Infinite volume ends of quotient graphs and homogeneous spaces

TL;DR

This paper introduces a new concept of infinite volume ends for lcsc spaces, demonstrating that under certain conditions, quotients by specific groups have exactly one infinite volume end, with applications to symmetric spaces and graphs.

Contribution

It defines the space of infinite volume ends for lcsc spaces and proves that certain quotients have exactly one infinite volume end, extending classical end theory.

Findings

Quotients of path-connected unimodular lcsc groups with property (T) have one infinite volume end.

Locally finite graphs with transitive group actions have exactly one end.

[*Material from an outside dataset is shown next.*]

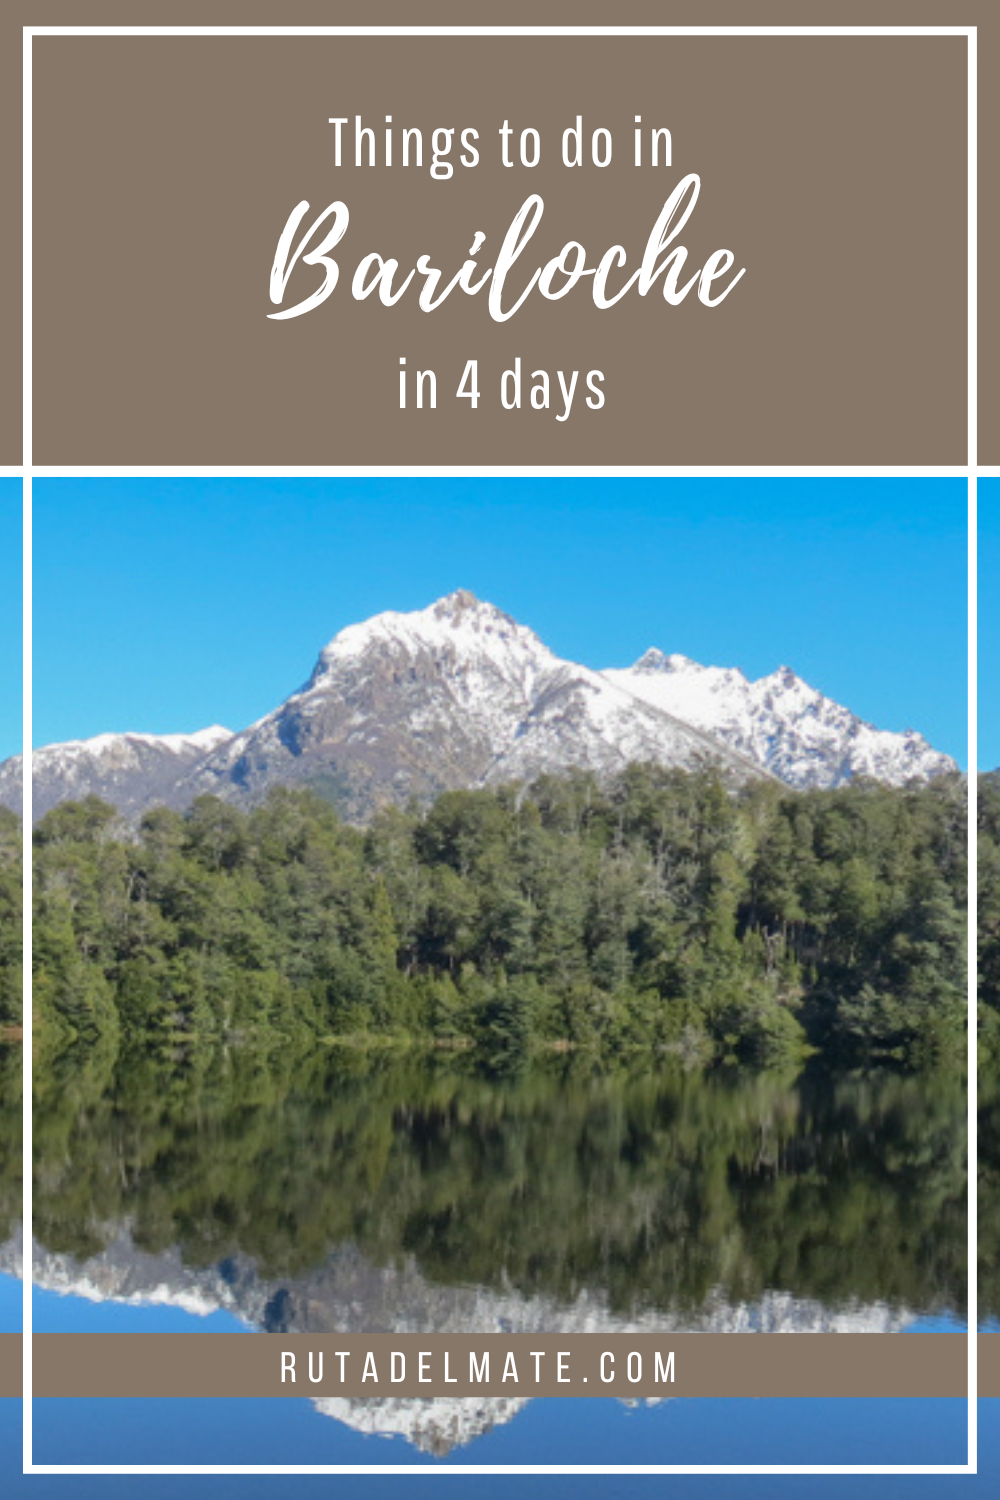 Things to do in Bariloche in 4 days

Infinite volume ends of quotients of symmetric spaces of noncompact type are uniquely determined.

Abstract

We introduce the space of infinite volume ends of a locally compact second countable (lcsc) space that admits a Radon measure. In certain cases, this coincides with the classical space of ends. Consider a discrete subgroup $\Gamma$ of a unimodular lcsc group $G$ that is not coamenable. Assume that $G$ has property (T) and the associated homogeneous space $G/\Gamma$ is equipped with the Haar measure. We demonstrate that if $G$ is path connected, then $G/\Gamma$ has exactly one infinite volume end. In a related vein, if $G$ acts transitively on a locally finite connected graph $X$ with compact open vertex stabilizers and the action of the subgroup $\Gamma$ is free, we show that $X/\Gamma$ has exactly one end. We also obtain identical results for certain discrete subgroups $\Gamma$ of nonamenable product groups $G$. These results can be applied to understand ends of Schreier graphs and infinite volume ends of quotients of symmetric spaces of noncompact type. For instance, for symmetric spaces $X$ of noncompact type without real or complex hyperbolic factors, every infinite-covolume quotient $\Gamma\backslash X$ has exactly one end of infinite Riemannian volume.